Passant de Bar à une autre personnalité que Levin et d’autres membres du gouvernement considèrent comme faisant obstacle à leur programme de droite, Levin a déclaré au micro de la Quatorzième chaîne qu’il pensait que la destitution de la procureure générale Gali Baharav-Miara serait un « processus difficile », mais qu’il serait finalement couronné de succès.
Levin est le fer de lance du processus visant à évincer Baharav-Miara de son poste en raison de ce qu’il a qualifié de « conduite inappropriée » et de « divergences d’opinion substantielles et prolongées » entre elle et le gouvernement, ce qui, selon lui, empêche une coopération efficace.

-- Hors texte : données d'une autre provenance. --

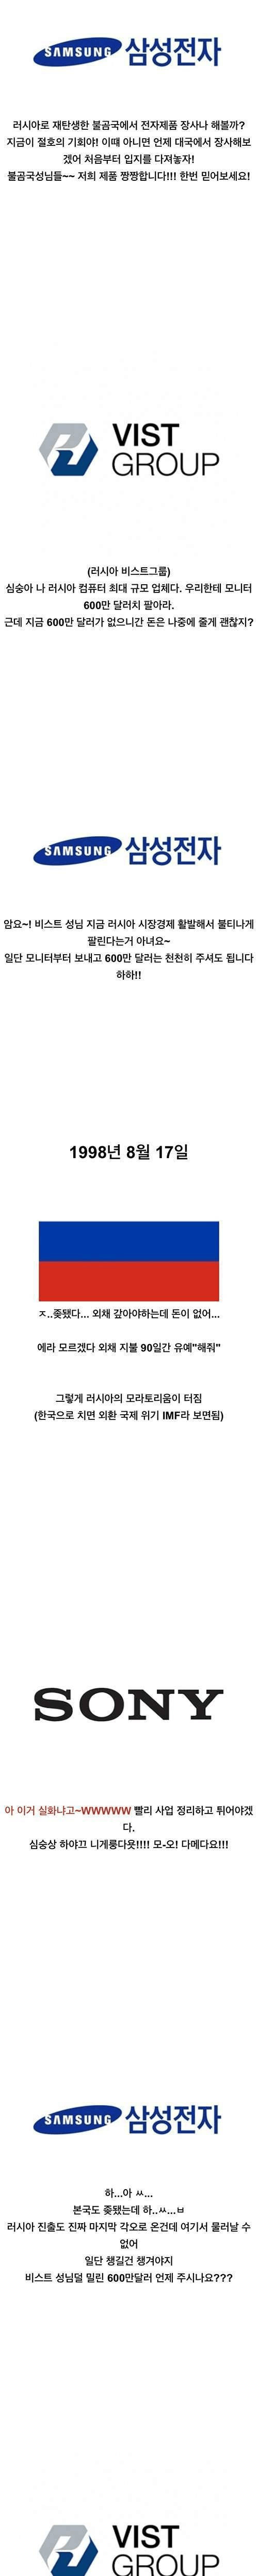 러시아가 한국을 좋아하는 이유.jpg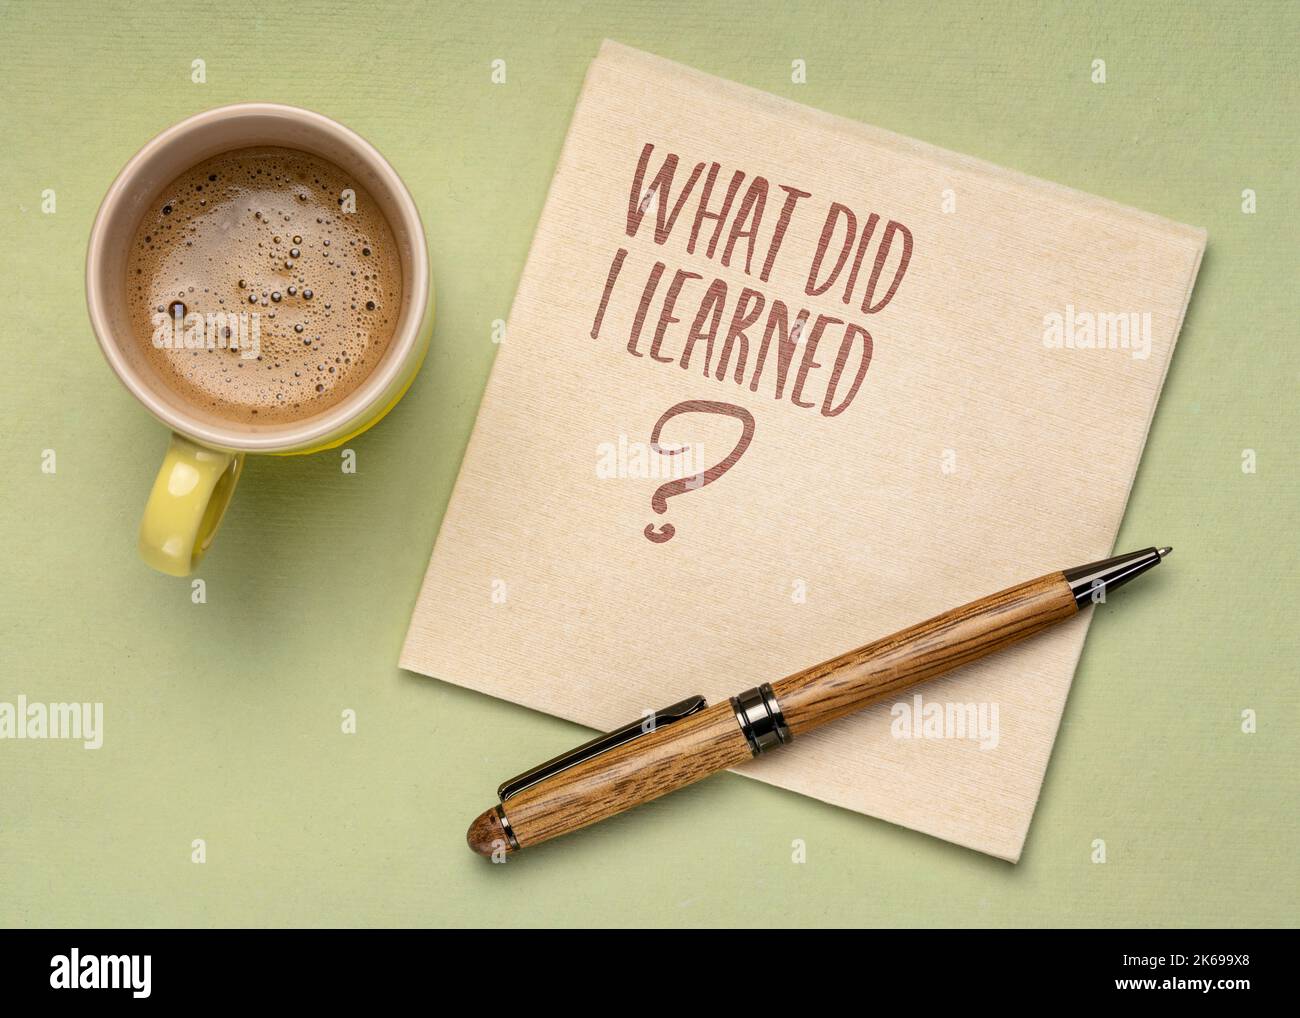 Was habe ich gelernt? Handschrift auf Serviette mit einer Tasse Kaffee. Lern-, Erfahrungs- und Bildungskonzept. Stockfoto

Le mois dernier, le cabinet a voté à l’unanimité en faveur d’une motion de censure à son encontre, déclenchant ainsi une procédure de révocation officielle qui nécessite l’avis d’un groupe d’experts qui n’a pas encore été entièrement constitué.
« Je pense que la procureure générale finira par être renvoyée, mais le processus est difficile et long », a déclaré Levin.
Il a reconnu que, comme pour Bar, la tentative d’éviction de Baharav-Miara serait certainement contestée devant la Haute Cour.
« Il se peut que [la destitution] soit annulée une fois, puis à nouveau, mais si nous sommes déterminés, nous réussirons », a-t-il assuré.